Now, I may not be as experienced as many of you out there, but I have also been at the forums for most of its existance. Only recently has the issue of cersorship been such a hot topic. If some users in this board have used vulgarity as a means of gaining attention, why not, at least in the short term, allow censorship to continue, to demonstrate to these users that this place will not pay attention to or tolerate that type of beahavior. The same goes for those who spam the boards looking for high post numbers. Most users will be quick to oblige if you simply point out that this board does not weigh heavily on #'s, and has no ranks. Tell them that the quickest way to gain the respect of fellow users it to be intelligent and humorus. 

Ed, I must disagree with you, though undoubtably you have had more experience with censorship than I.  I fail to see how the censorship of a few cuss words will lead to the ultimate censorship of certain ideas. If that time ever came to be, I believe that there is enough of the upstanding type of user here to make a difference. Admittedly, the censorship of those few words is bizzare, and most likely unneeded. But in reality, how much usage is gained from those words? A little bit of suffering on our parts could do much to clean up this site. I must say that I feel the only reason this has become such a political argument is that many members resent Admin's democrat-bashing thoughts (which I have not read.), he too has ter right to express these ideas, try to be accepting. Once he starts censoring pro-democrat and anti-republican retoric, you will have found yourself a new ally, until then, I'm going to join a few other people in asking the forum as a whole to cool it off, step back, and see how things work out on their own.


----------



## ScottW (Jun 3, 2002)

> _Originally posted by BlingBling 3k12 _
> *
> 
> You used it... you felt like you needed to use it... you pretty much got yourself censored by yourself...
> ...



Ummm... I did that on purpose.


----------



## xoot (Jun 3, 2002)

Thank you, Admin, for your comment on this issue. Why did you do it?


----------



## ScottW (Jun 3, 2002)

Wow, you'd think I had given dog food to all the kitty cats! 

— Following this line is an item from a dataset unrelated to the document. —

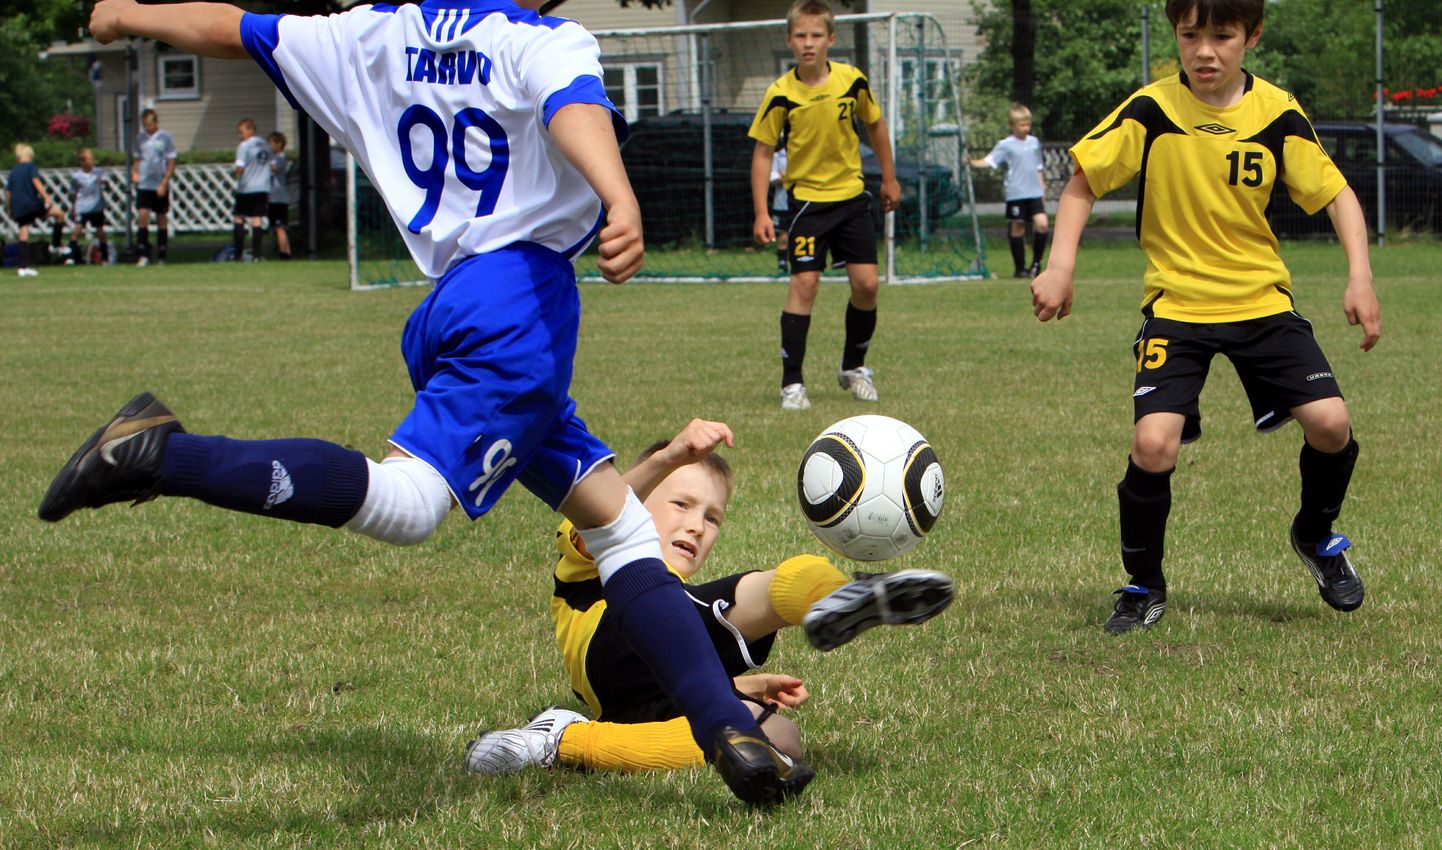 Noored jalgpallurid möödunud aastasel turniiril Pärnu Summer Cup.

I have been busy with my new child, but have had a few moments to give in and see what all the cussing (err fussing) is about.

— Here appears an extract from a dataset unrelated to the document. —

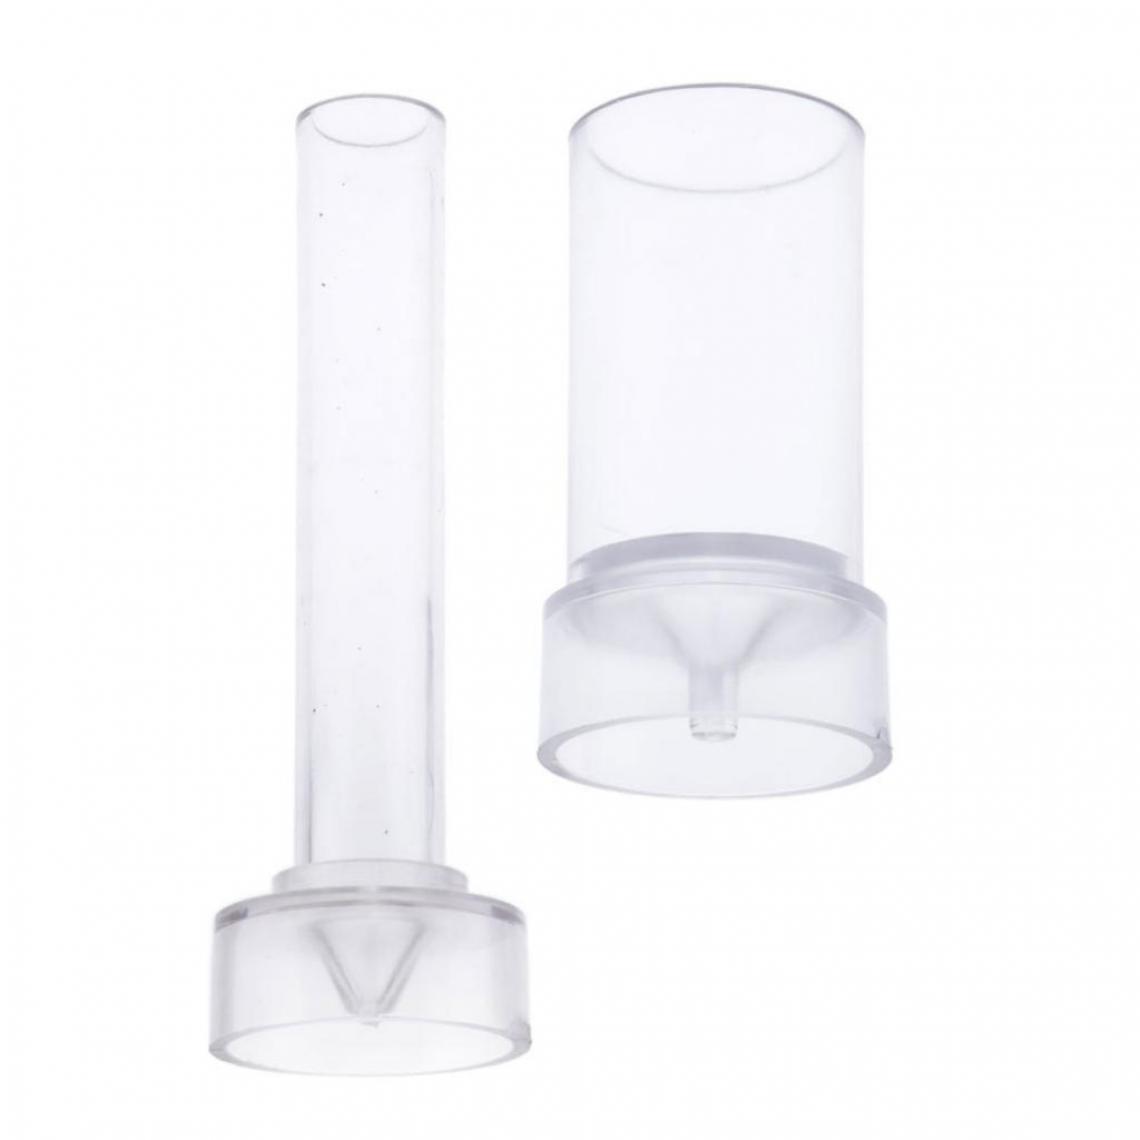 marque generique - 2x Moule bougies Cylindre (Sommet Pointu) en Plastique Décorative DIY Cadeau Baptême Naissance - Bougies

First off, I have removed the word "suck" from the filter list.

Secondly, all other words will remain censored until further notice. I personally am tired of watching those with a foul mouth run this board into the ground. If you don't like it, leave. Go cuss somewhere else. I hate cussing, and would prefer not to hear it. I thought saying **** was cool in 8th grade. Anyone else who thinks saying **** is cool, then well, like I said, 8th grade.

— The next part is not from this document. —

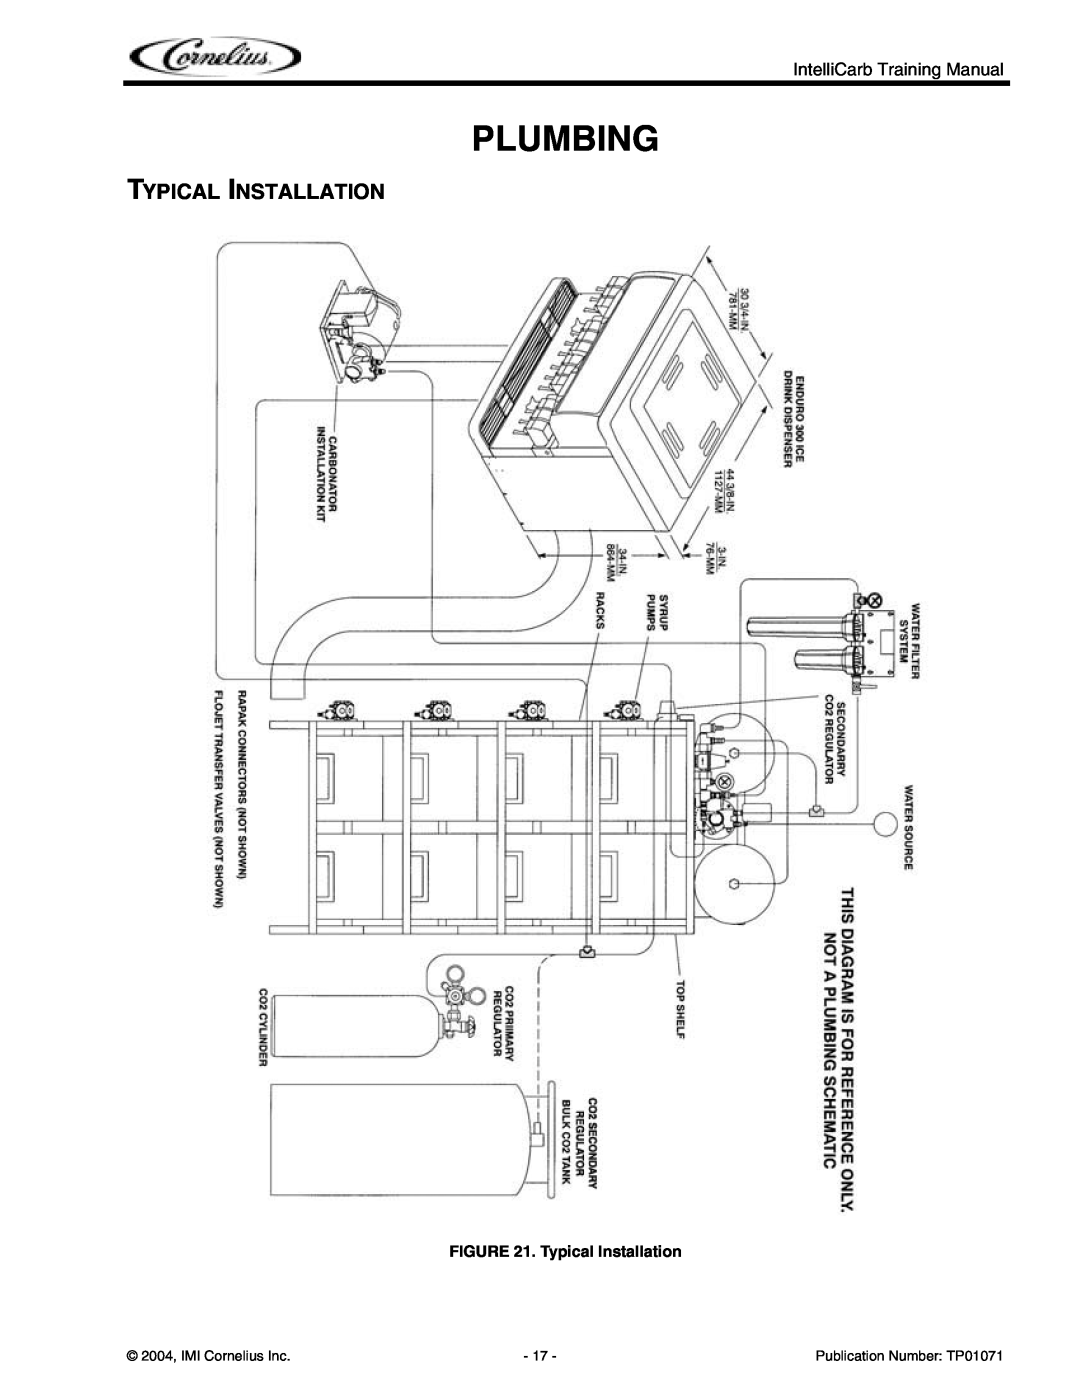 Cornelius Cold Beverage Dispenser Plumbing, Typical Installation, 2004, IMI Cornelius Inc, Publication Number TP01071

Now, for those demodupes. Please. You took offense to that? My goodness. You can all dish it out but you can't take it. I'm a Republican and proud of it. You can call Republican's whatever you want, I honestly don't care. I have better things to do with my life than worry about nonsense. If you lost respect for me because of that comment, then I just lost respect for you because of your inability to take a little bit of fun.

Honestly folks, look at you and this thread. Come on, show some maturity. Of all people, Ed, I thought you would understand.

I have never censored ideas, I have only banned a few because of cussing. Banning doesn't work, therefore I have resorted to the current means.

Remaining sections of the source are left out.